The video also emphasizes the strategy of supplying an AI writing model with significant contextual information to make its job clearer and constrain its responses. This preventative approach aligns with the need for meticulous training data curation discussed above. By feeding the AI assistant explicit details like intended style, audience, story premise, characters, previous plot events, etc., it can better align its writing with expectations. We restrict the context to around 4,000 words focused only on the most directly relevant information to avoid overwhelming the model.

Creating a Robust Prompt for an AI Assistant

The transcript demonstrates a system for prompting an AI writing model effectively. It constructs what's termed a "mega prompt" pulling together the exact pieces of contextual data found most helpful for guiding quality writing.

These key prompt components cover the established story style, characters, worldbuilding/setting details, premise and hook, and previous plot progression. Keeping each aspect concise yet informative provides optimum context without confusion.

After laying this foundation, the next step or 'beat' of the story to be written is clearly specified within the prompt. Explicitly designating the goals and constraints for the AI allows it to stay focused and avoid expanding beyond the requested scope into unrelated territory.

Iteratively Improving AI Writing with Edits and Feedback

Once the assistant generates a draft chunk of writing, the video explains how to further refine its skills through an iterative process. The initial AI attempt is edited and built upon through human input, enhancing areas like style, voice consistency and quality description.

Crucially, these edits are then fed back to the AI so it can analyze the changes and learn from them. Asking it to describe the differences made and quantify the improvements allows the model to solidify positive writing patterns.

By repeatedly providing edited samples as feedback, the AI progressively sharpens its performance in line with the preferred style and approach. This trains it over an ongoing collaboration centered around a specific project like a novel draft.

Benefits of Creating Your Own AI Assistant

Combining the training strategies covered above illustrates the advantage of cultivating a customized AI writing companion tuned to an individual author's creative process.

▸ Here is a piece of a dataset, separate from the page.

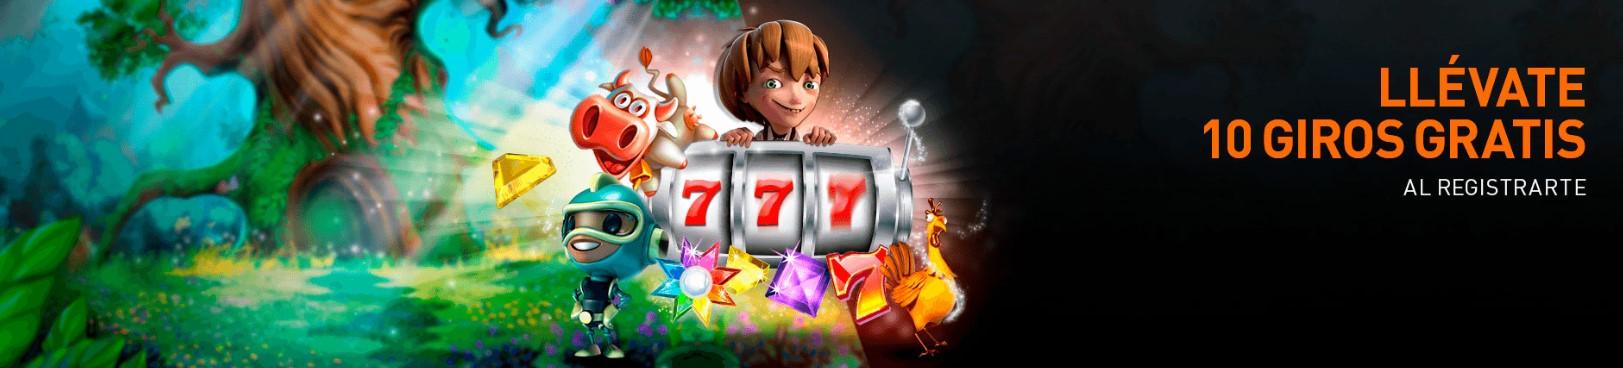 10 giros gratis en casino 777 con tu registro

General AI tools accessible online tend to produce variable or unreliable results given their broad, unfocused training. But by feeding your own writing samples, favorites passages, editing changes and metadata labels, a model can better assimilate your distinctive style.

The video promises that this level of personalization ensures writing beats or snippets that integrate smoothly within a unified story or book draft. The AI grows accustomed to your unique voice, tone, structure and other literary qualities through tailored learning.

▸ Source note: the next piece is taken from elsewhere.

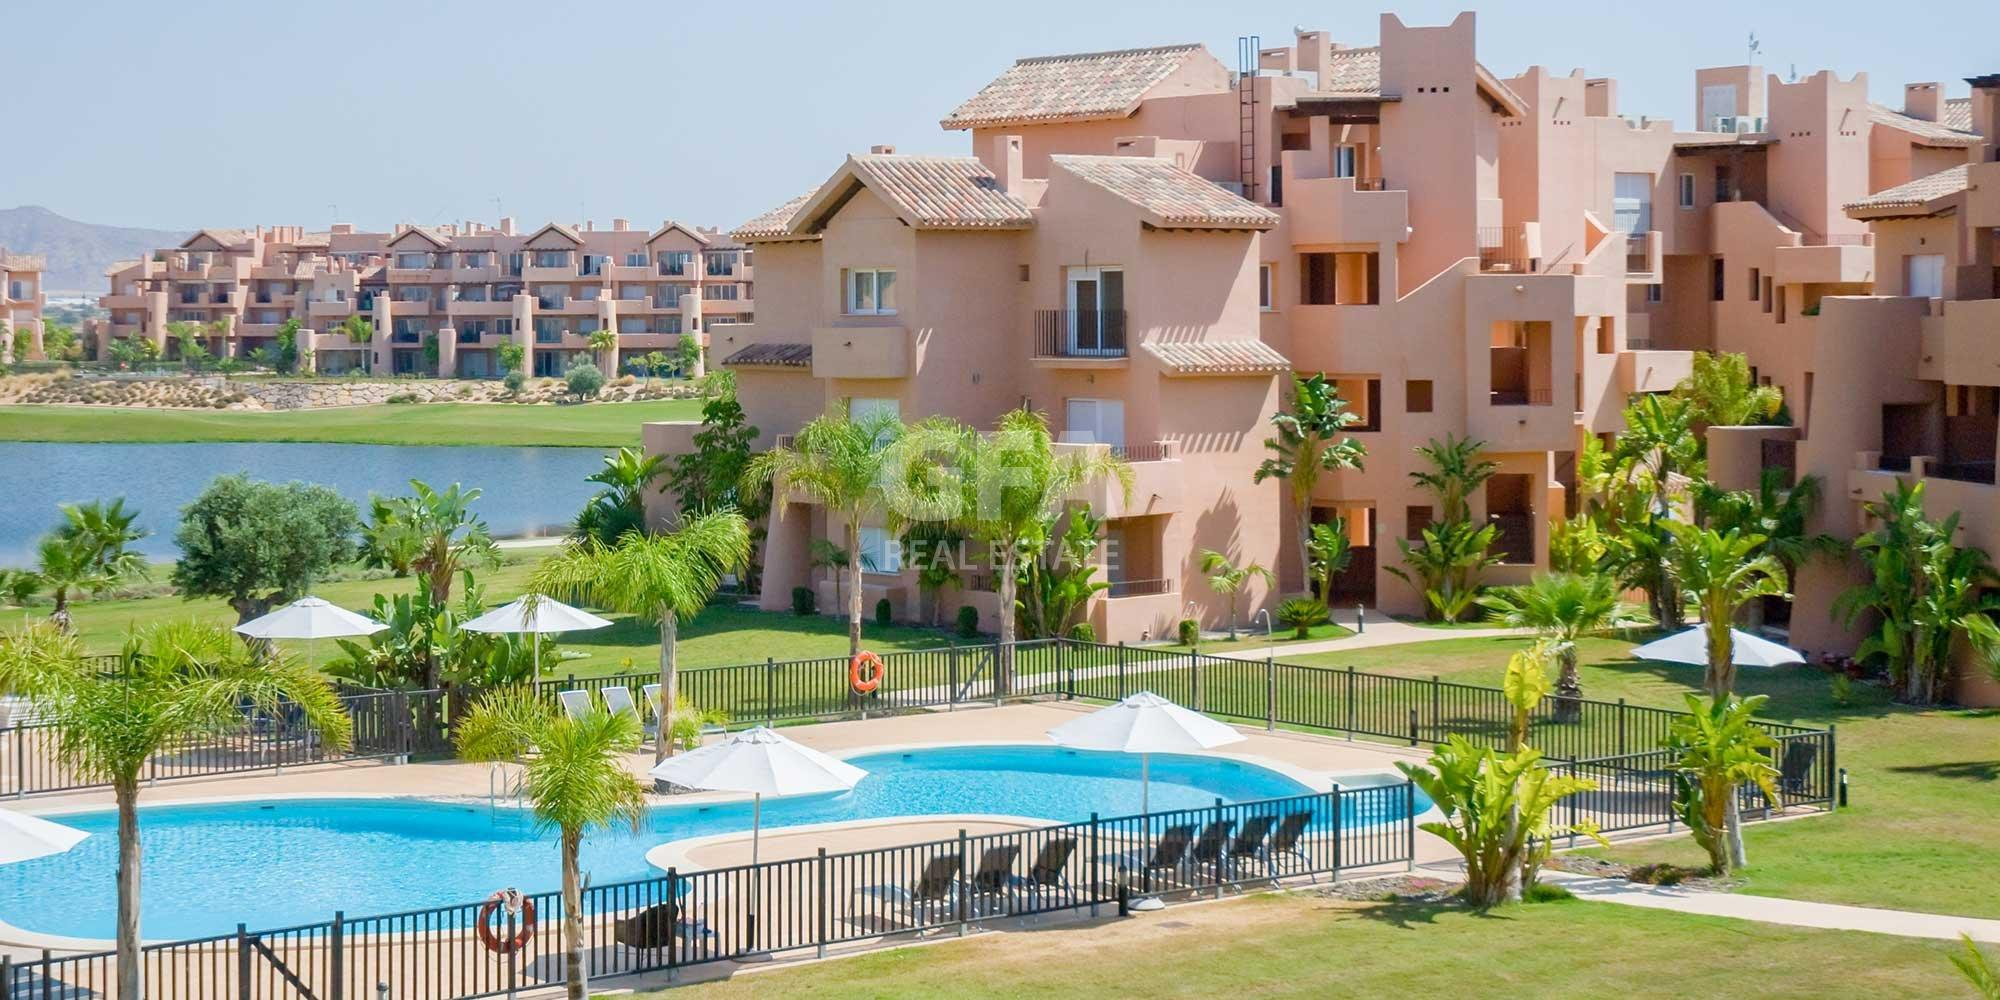 Residencial obra nueva Mar Menor Golf Resort piscina y zonas comunes

Joining a Community to Stay Ahead of AI Writing Trends

Lastly, the transcript emphasizes the value of connecting with other writers actively experimenting with AI assistants. Especially given the rapid advancement of this technology, belonging to an engaged community provides multiple benefits.

You can exchange ideas and troubleshooting strategies with peers also navigating the learning process with AI writing tools. A diverse group exploring different specialized applications ensures exposure to a range of innovative techniques.

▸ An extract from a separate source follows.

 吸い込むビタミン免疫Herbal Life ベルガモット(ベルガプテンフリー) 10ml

Together, members can identify emergent best practices for leveraging AI to enhance proficiency. This feeds collective progress that is so crucial amidst an complex, fast-changing technological landscape like artificial intelligence.

FAQ

Q: Why can't we just train an AI model on books we already have?
A: Training data needs metadata and organization into small chunks of text, which is very labor intensive.

Q: What is the ideal word count for prompts to AI?
A: 300-500 words tends to keep AI on track without overwhelming it.

Q: How can we improve an AI assistant's writing over time?
A: Provide edits and feedback so the AI can learn iteratively from your style.

Q: What are the benefits of training your own AI writing assistant?
A: You can customize it for your genre, voice, characters, and writing style.

Q: Why join a community focused on AI writing?
A: To collaborate, stay on top of new developments, and avoid being left behind as the technology advances.